True words can still be clickbait.

In fact, I'd argue that many of the most effective ways to mislead people involve sticking rigidly to literal truth, because it makes them so much harder to counter. When there's no literal untruth to correct, it's natural to end up implying bad faith _without having any definitive proof_, and that is mighty unstable ground from which to argue.


I get what you’re saying, but imagine your name was Richard Branson. You’d hear no end to the jokes. At what point can you consider this an internalized behavior of the author? Is it still clickbait if the author believes his main raison d’etre is to have a meme name?


I think I basically agree with you.
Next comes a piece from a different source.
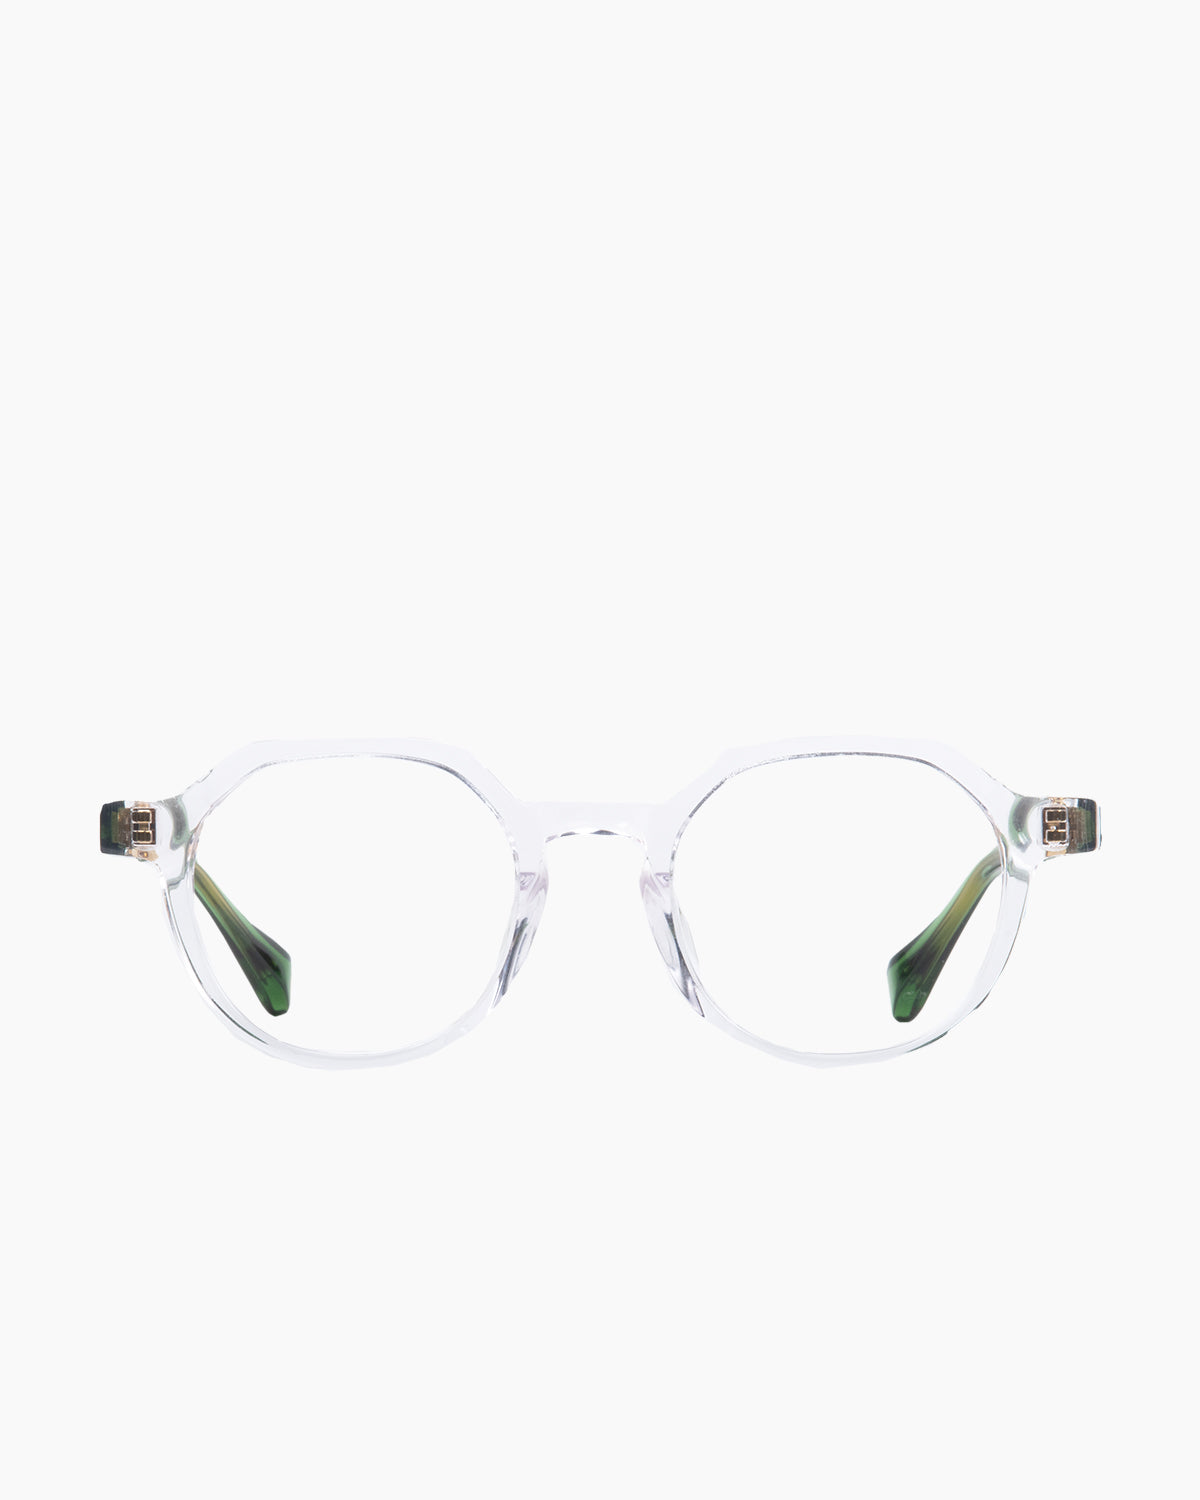 Francois Pinton - Haussmann9af - CG | Bar à lunettes

And this example is pretty benign — I'm not actually meaning to criticize anyone here.

However I will not that the author in question refers to himself as "Rick Branson", and the article title is "10 Things I Hate About PostgreSQL". So I think it's just the person who made the link who is being a bit cheeky.

My comment was going off on a wild tangent. :)


They may have simply been intending to be relatively formal as a mark of respect. (there's enough language and culture dependencies in how one decides such things that 'may' is very much load bearing in that sentence, mind)

Certainly it wouldn't've occurred to me to think it was the businessman rather than a name collision.

But, eh, agreed on tangent, and I'm not intending to criticise either.


It's like that album by Pete Best, who was a drummer in The Beatles. He published a solo album called "Best of the Beatles".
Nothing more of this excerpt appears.